**WORK INSTRUCTION**
Reproduce word for word the line holding "Winter-Samstag 24.10.2020" and all lines after it in the data, through the end, leaving out pictures.
___ STORED DATA
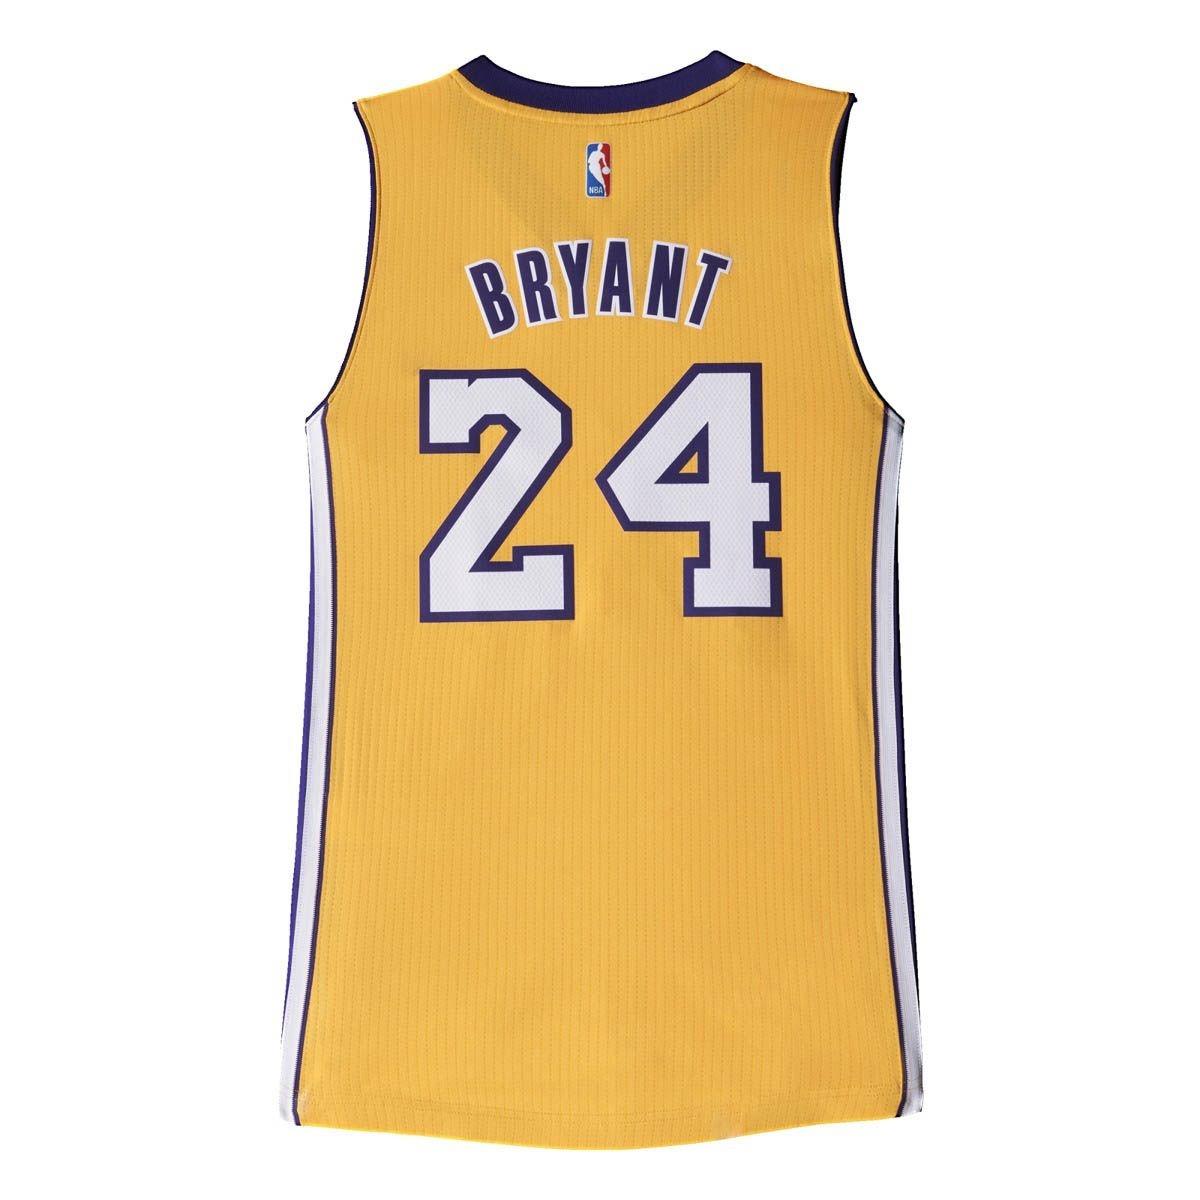 Camisa Regata adidas Nba Swingman Los Angeles Lakers Orig+nf - R ... 20134b4c73627
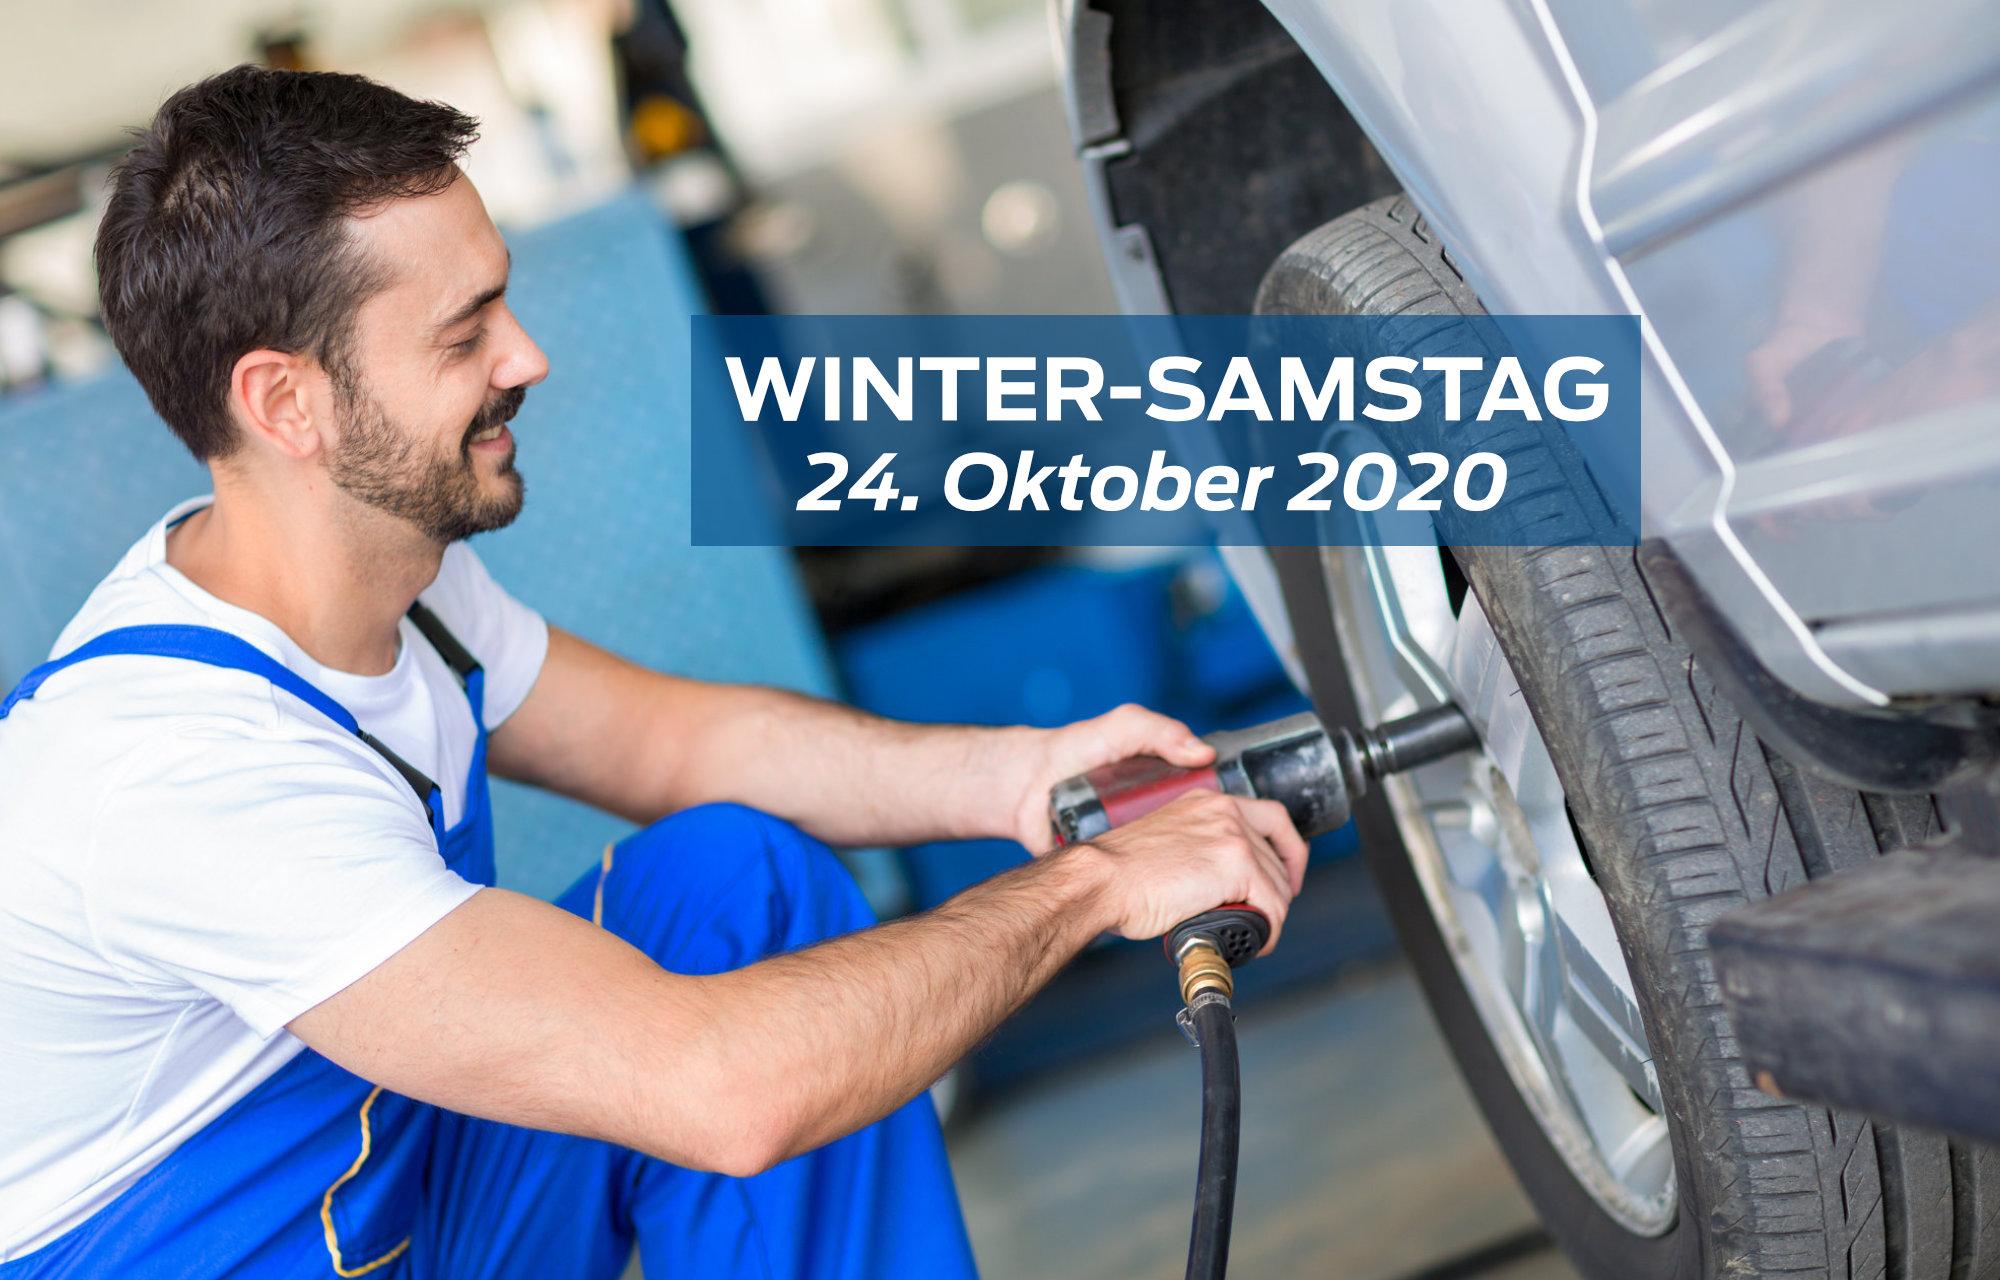 Winter-Samstag 24.10.2020
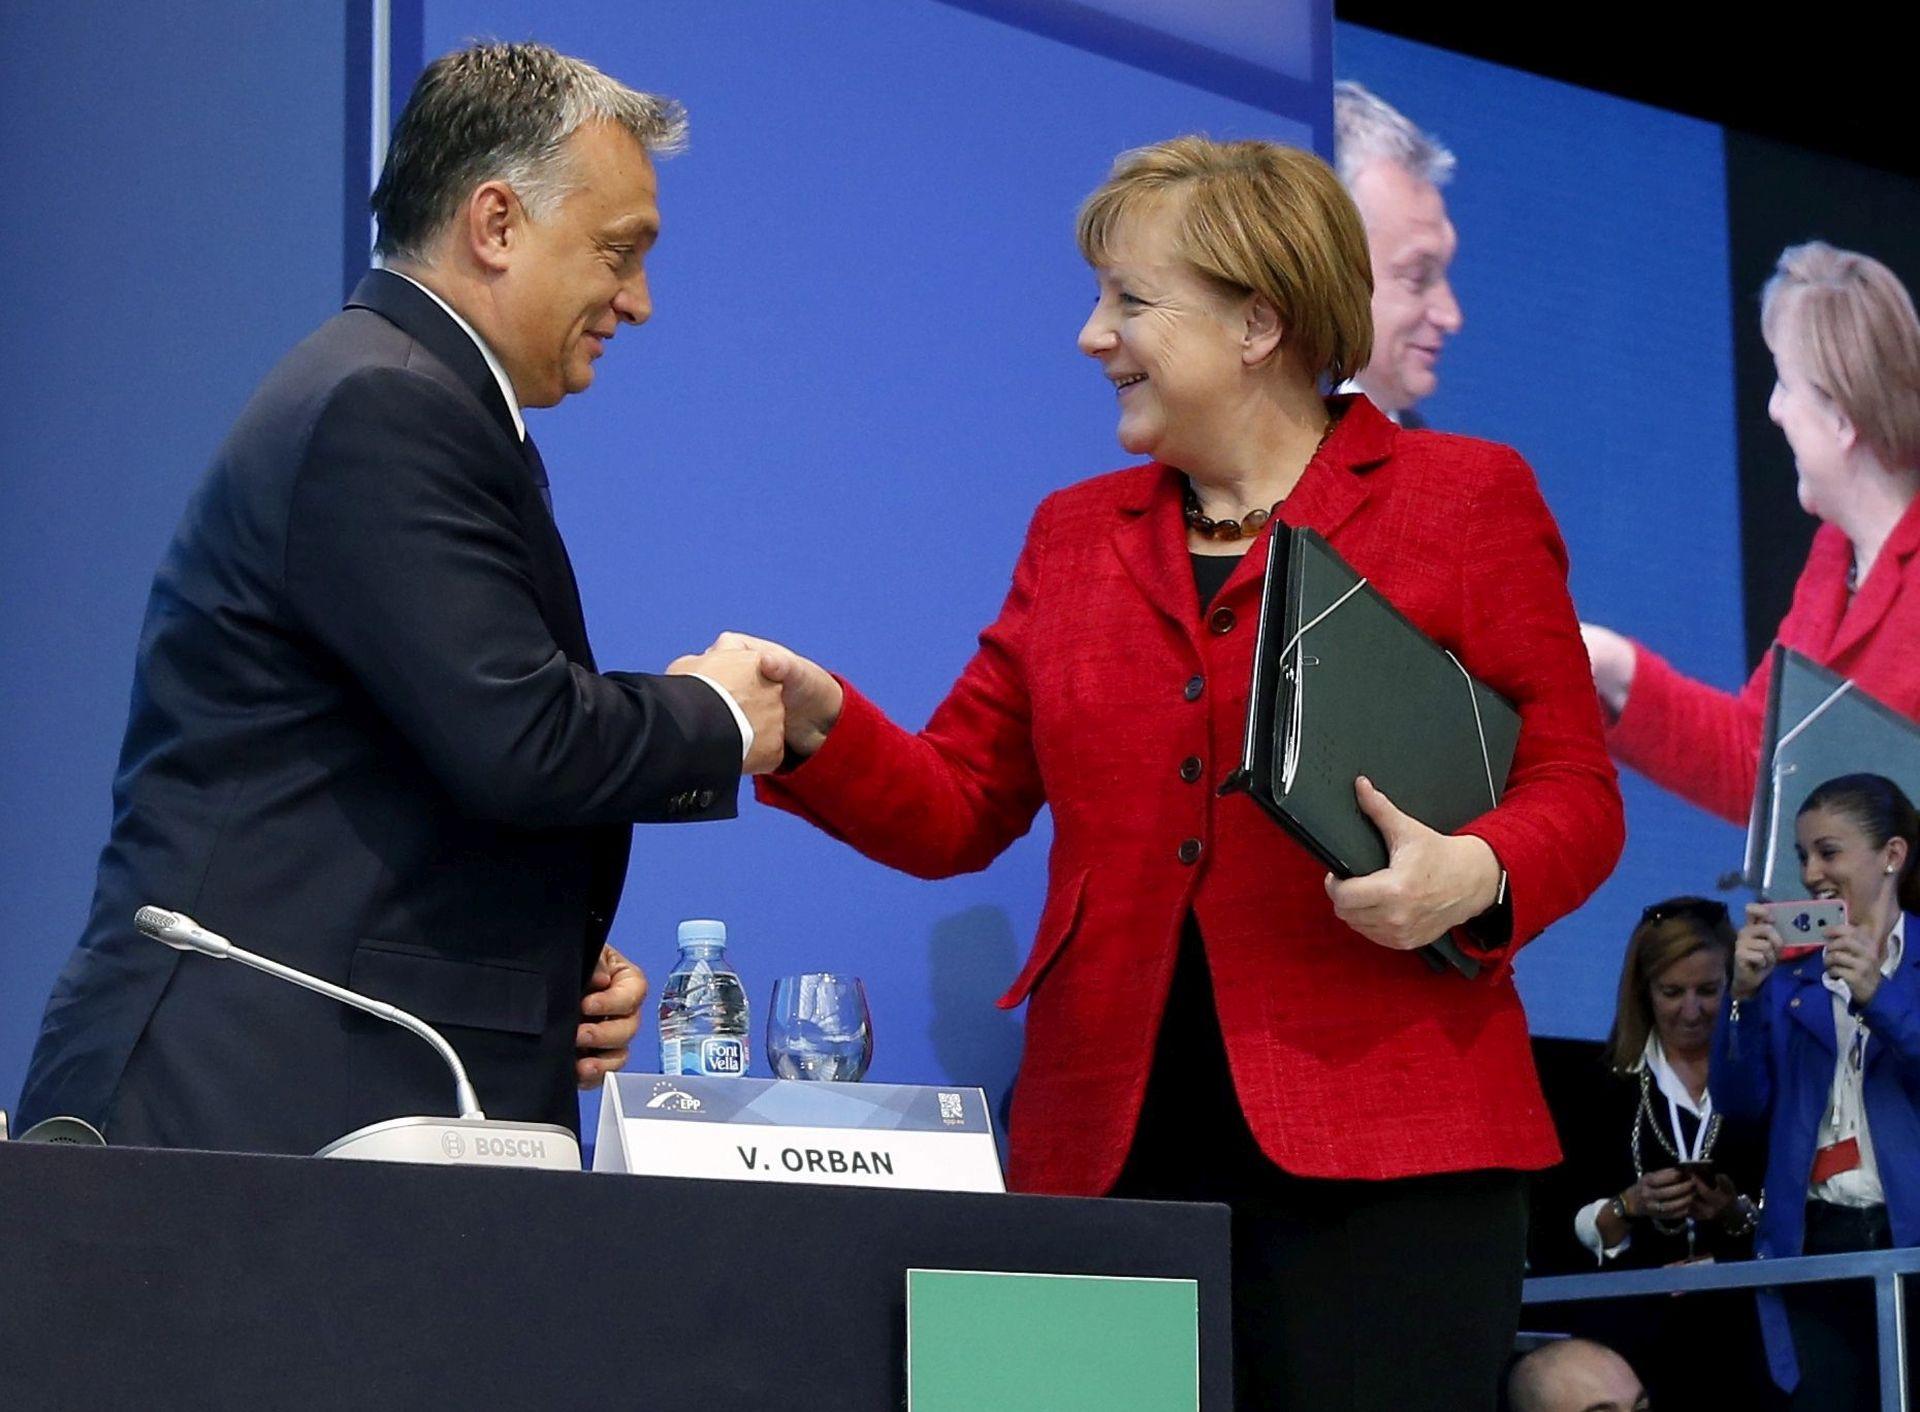 VIKTOR ORBAN Europa je trenutno bogata i slaba, a to je moguća najopasnija situacija
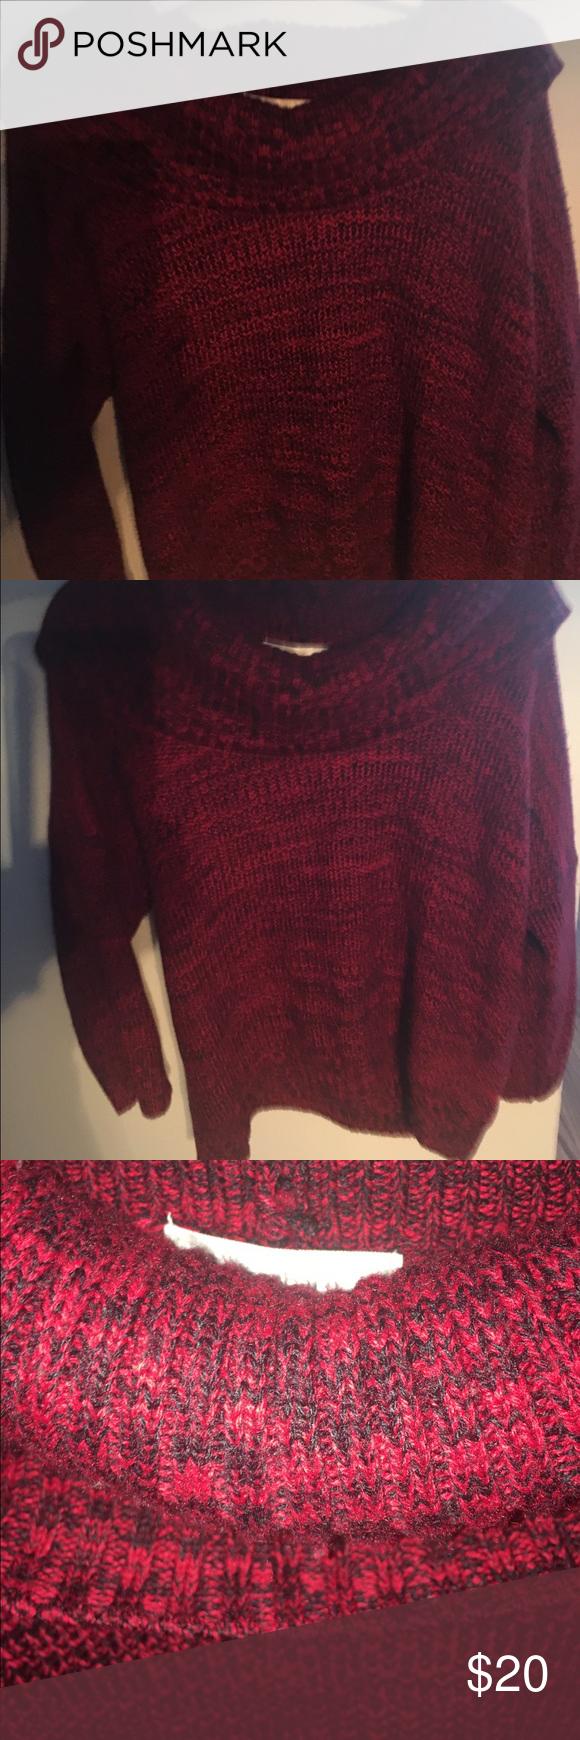 Dress Barn Red & Black Sweater | Red black
______
**TASK SOLUTION**
 Winter-Samstag 24.10.2020
 VIKTOR ORBAN Europa je trenutno bogata i slaba, a to je moguća najopasnija situacija
 Dress Barn Red & Black Sweater | Red black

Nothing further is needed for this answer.